Leave the images out and repeat the data exactly as given.

• **GIVEN DATA**
------------------------------

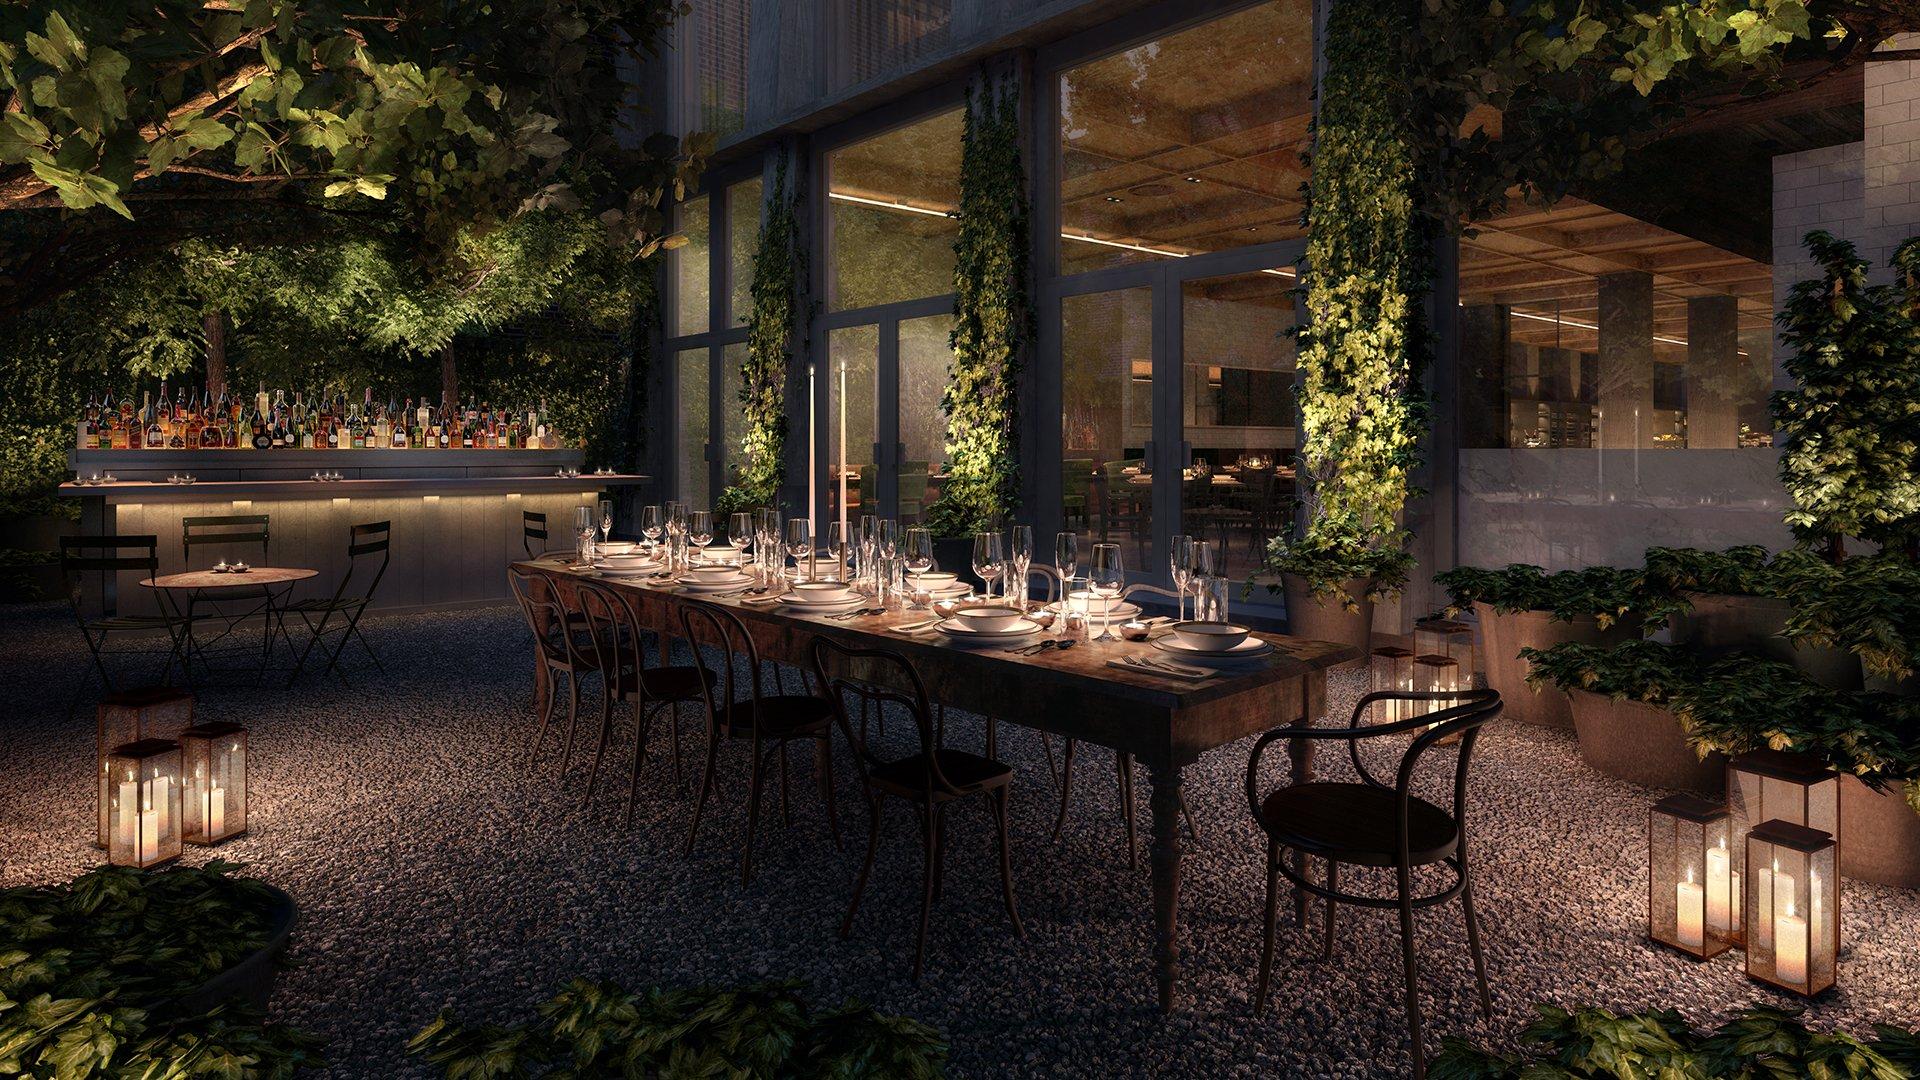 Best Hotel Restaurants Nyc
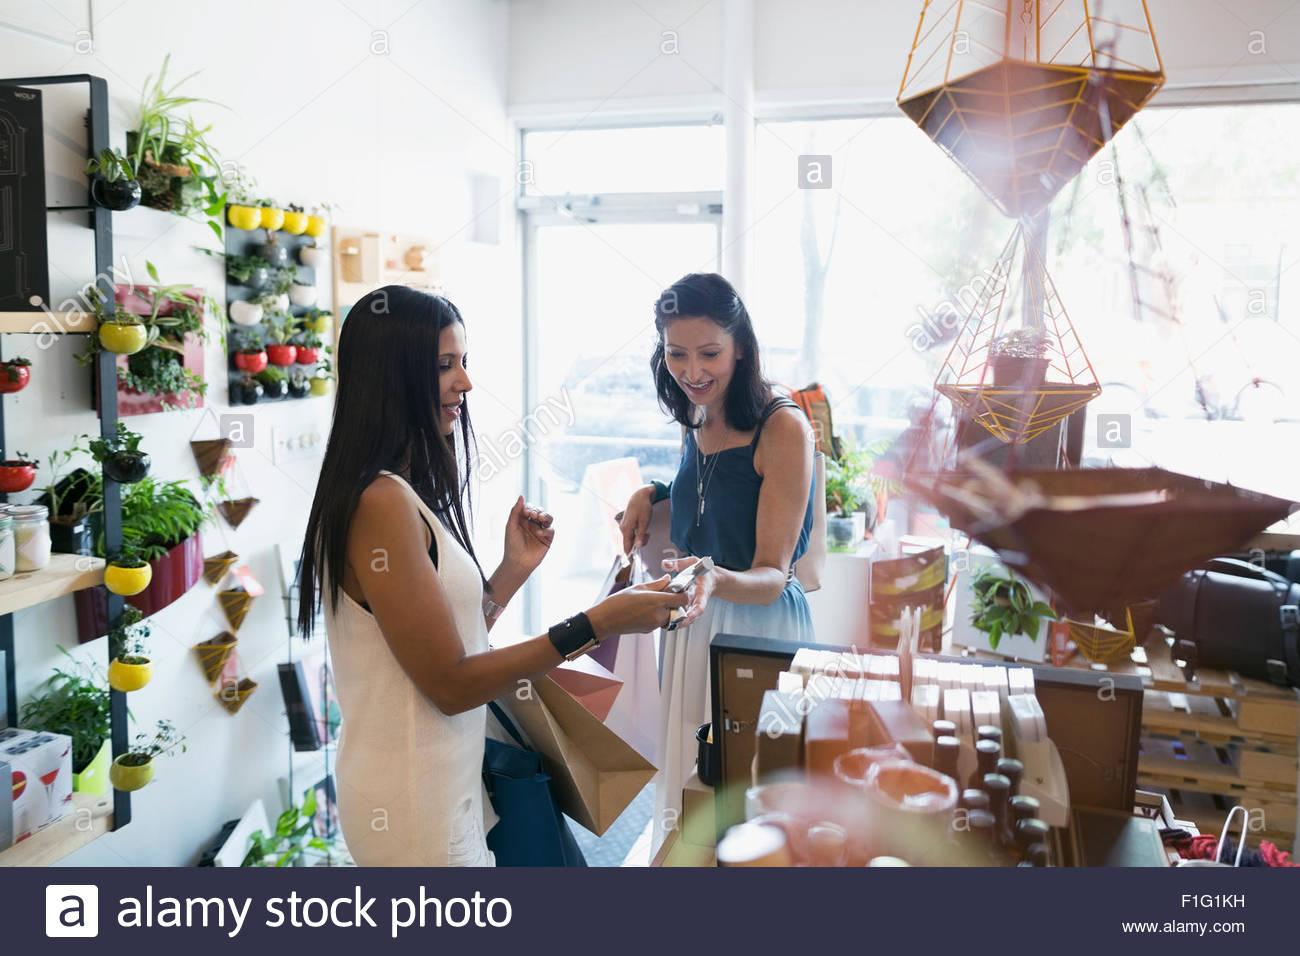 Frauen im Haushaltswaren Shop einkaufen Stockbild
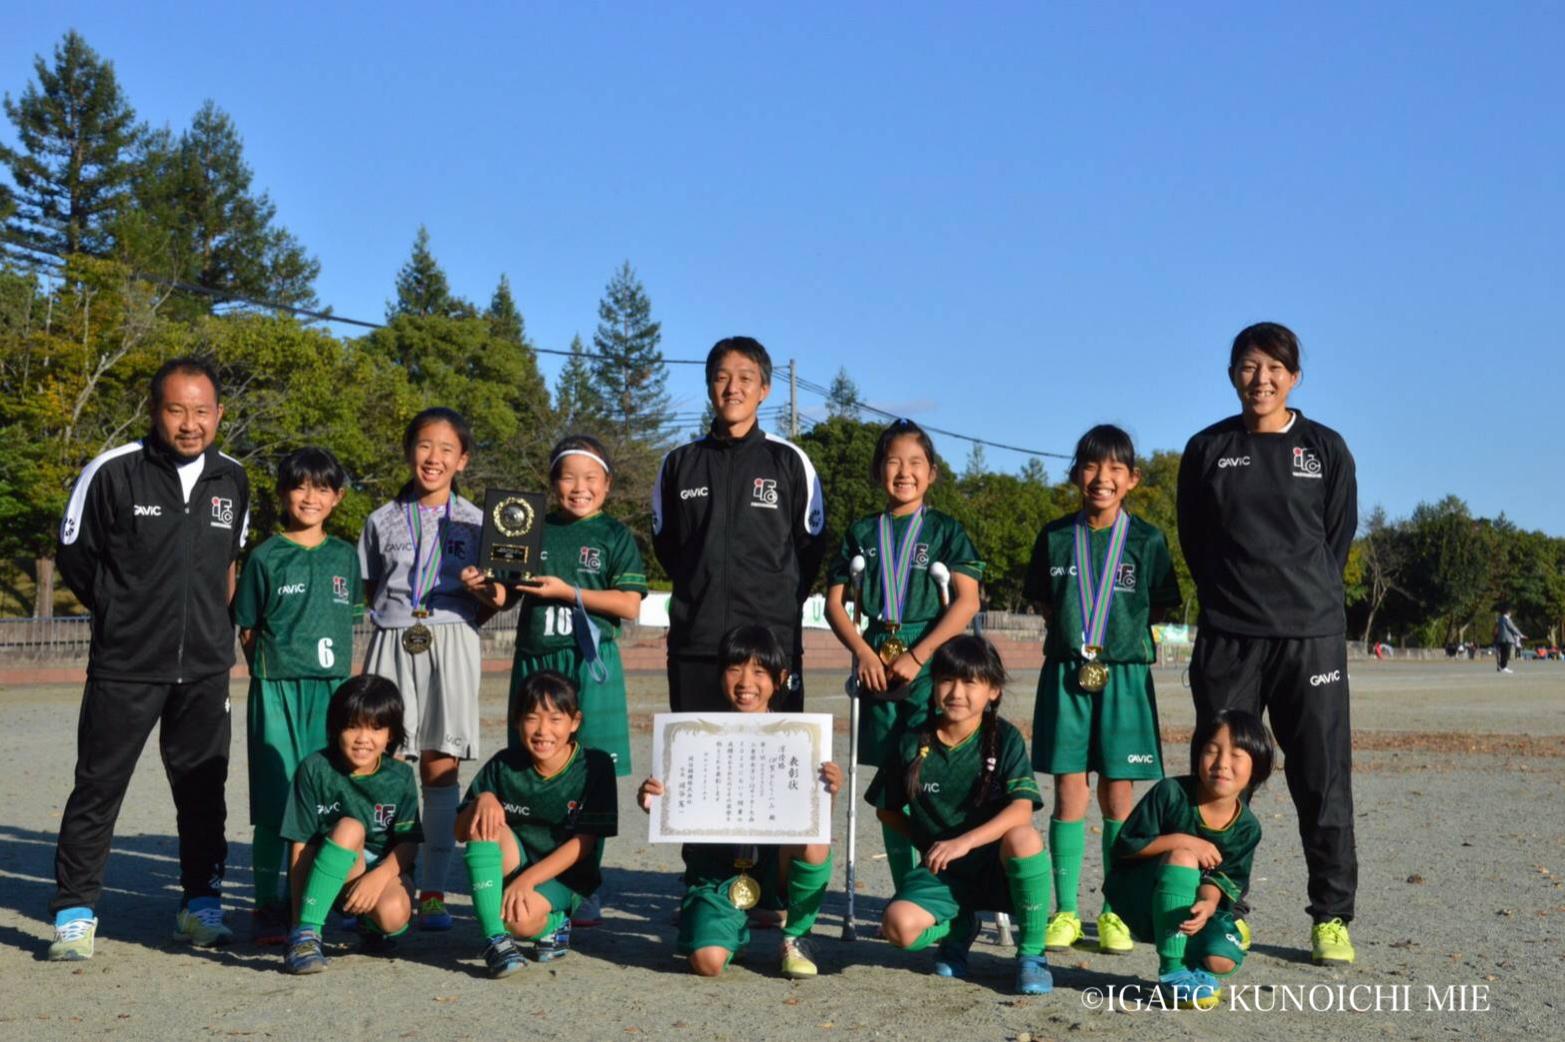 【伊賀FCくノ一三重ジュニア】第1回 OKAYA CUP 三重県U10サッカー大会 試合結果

------------------------------

• **SOLUTION**
 Best Hotel Restaurants Nyc
 Frauen im Haushaltswaren Shop einkaufen Stockbild
 【伊賀FCくノ一三重ジュニア】第1回 OKAYA CUP 三重県U10サッカー大会 試合結果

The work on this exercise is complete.